New conceptsThe present study introduces a machine learning-driven framework for modelling the complex structure and dynamics of the solid electrolyte interphase (SEI) in lithium-ion batteries. By leveraging moment tensor potentials (MTPs) trained on density functional theory (DFT) data, the approach enables accurate and scalable molecular dynamics simulations. A key innovation lies in the integration of active learning loops and amorphous configurations, which iteratively refine the training set to capture a broader range of atomic environments efficiently. The workflow also demonstrates the transferability of generated datasets to graph neural network (GNN)-based force fields, offering a pathway to further improve predictive accuracy for SEI materials. |
In battery materials research, molecular dynamics (MD) modelling has become a crucial tool for developing next-generation battery technologies.7,8Ab initio molecular dynamics (AIMD) based on density functional theory (DFT) has been widely used to model battery materials at the atomic scale, typically involving a few hundred atoms and picosecond time scales.9 However, AIMD struggles to model the SEI realistically due to its high computational cost and limited simulation scale.10 Empirically fitted force fields provide a complementary approach that can enable large-scale MD simulations by using analytic formulas to describe the interatomic interactions.11–14 These models significantly reduce the computational cost as compared with DFT. However, the development of traditional force fields, which requires reparameterization of data points (experimental and/or quantum chemical data) with significant human involvement, is a tedious process for complex chemistries (particularly those involving bond breaking and formation), leading to a low transferability.

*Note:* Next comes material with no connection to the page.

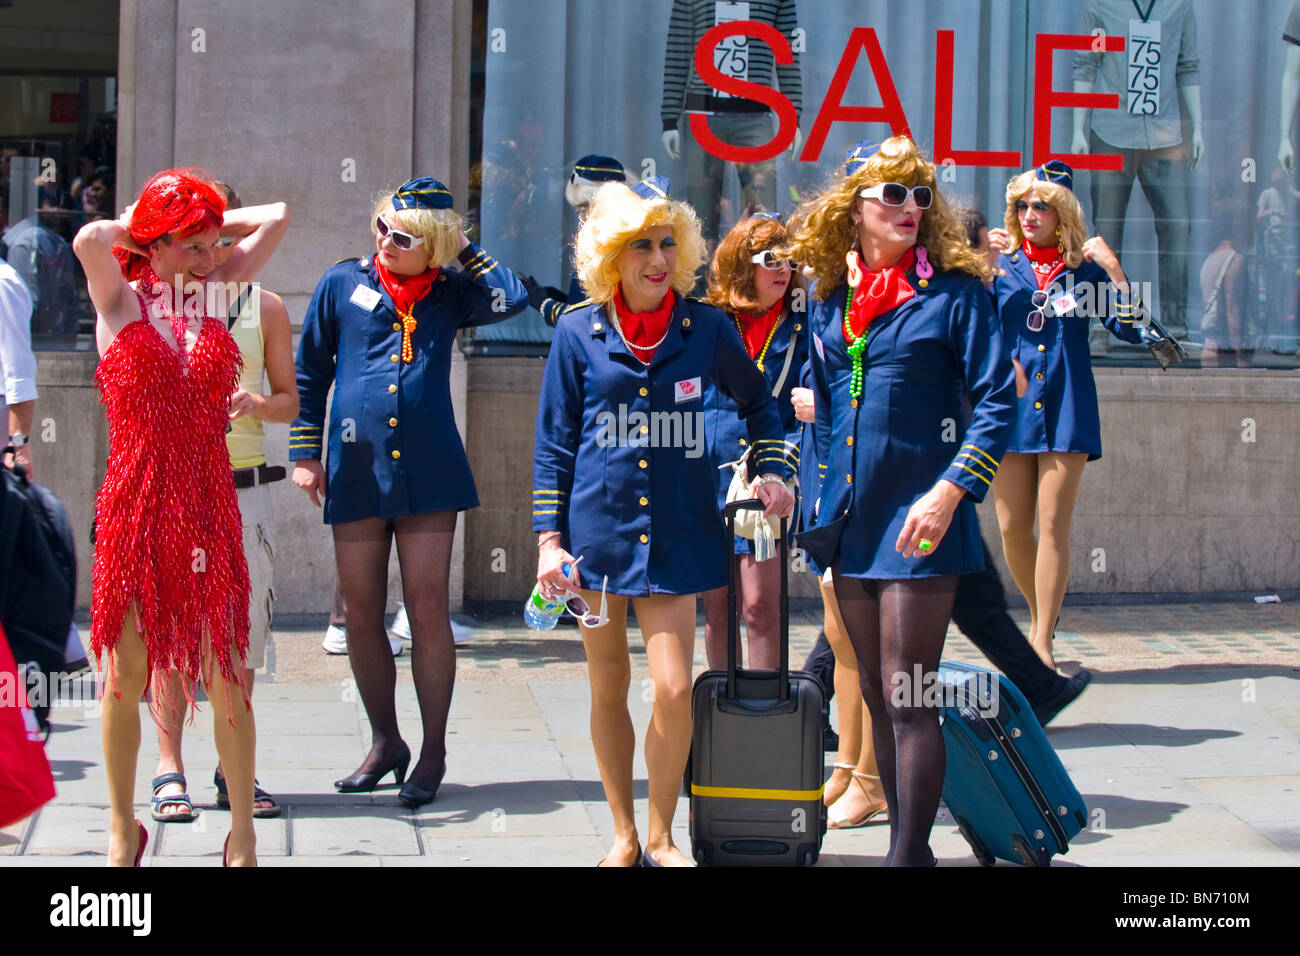 London Gay Pride, junge Männer gekleidet als Stewardessen in kurzen  Kleidern, weiblichen Perücken, Highheels & Strumpfhosen machen Sie sich  bereit für Festzug Stockfotografie - Alamy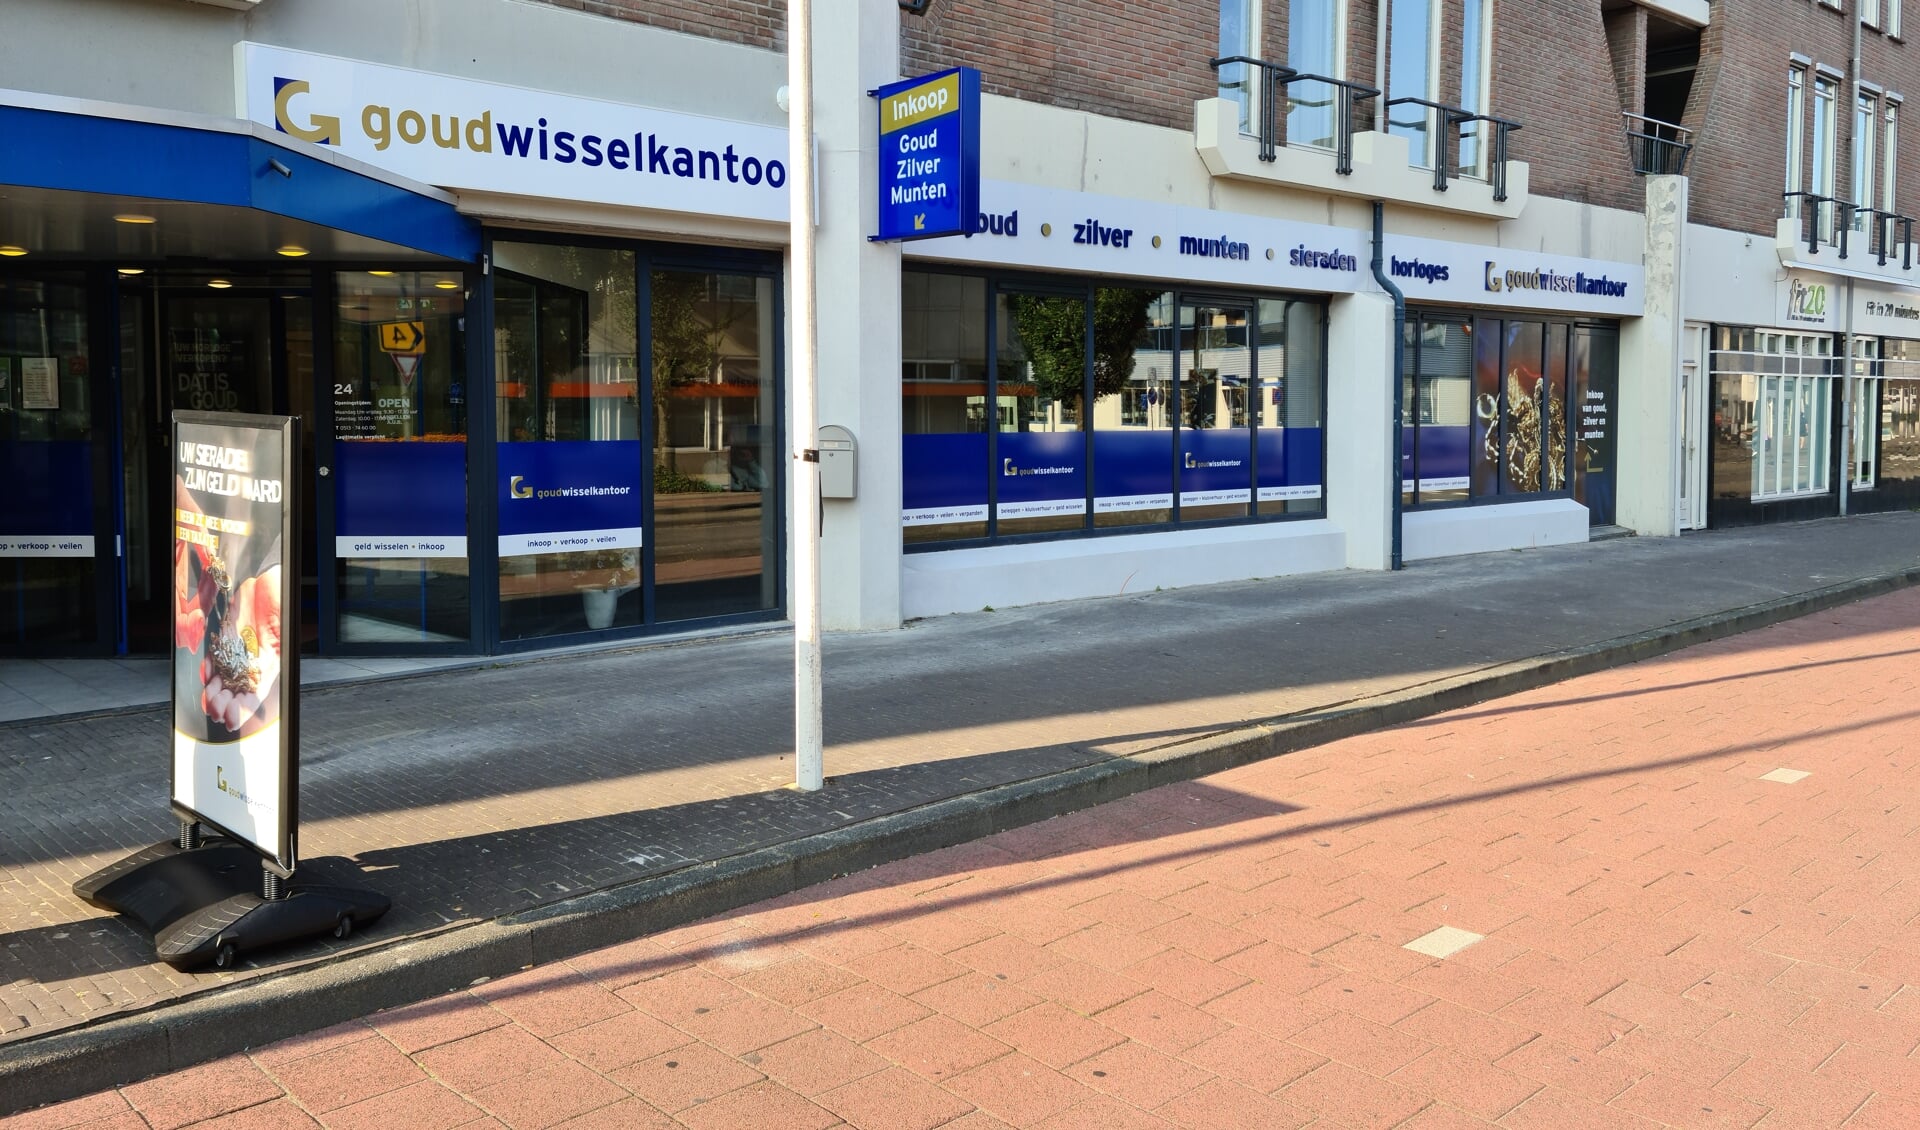 Goudwisselkantoor Heerenveen vindt u aan de Koornbeursweg 24 in Heerenveen.

Machine learning-based force fields (MLFFs) are transforming the way we model complex material systems, offering an efficient yet highly accurate alternative to traditional interatomic potentials.15–17 Recent progress in MLFF models for solid electrolyte materials in lithium-ion batteries has demonstrated their utility in probing structural stability, dopant effects, diffusivity, and activation energies across a wide range of chemistries.18,19 By learning energy landscapes directly from first-principles calculations, MLFFs can bridge the gap between computational efficiency and quantum-level precision, making them particularly well-suited for studying intricate environments. Unlike classical force fields, which rely on predefined functional forms, MLFFs use flexible, data-driven models to capture a broad spectrum of atomic interactions. This adaptability is crucial for SEI materials, where transport properties depend on subtle variations in the chemical composition, structural disorder, and interfacial effects. Despite their promise, applying MLFFs to SEI systems remains an open challenge. One of the primary hurdles is the need for extensive, high-quality training datasets that comprehensively represent the diverse atomic configurations found in SEI materials. The SEI consists of a combination of organic and inorganic phases, often exhibiting both crystalline and amorphous regions, as well as dynamically evolving interfacial structures. A robust MLFF must accurately describe interactions among key elements such as Li, O, C, H, and F, while also capturing the complex behavior of molecular species like CO32− and EDC2− anions.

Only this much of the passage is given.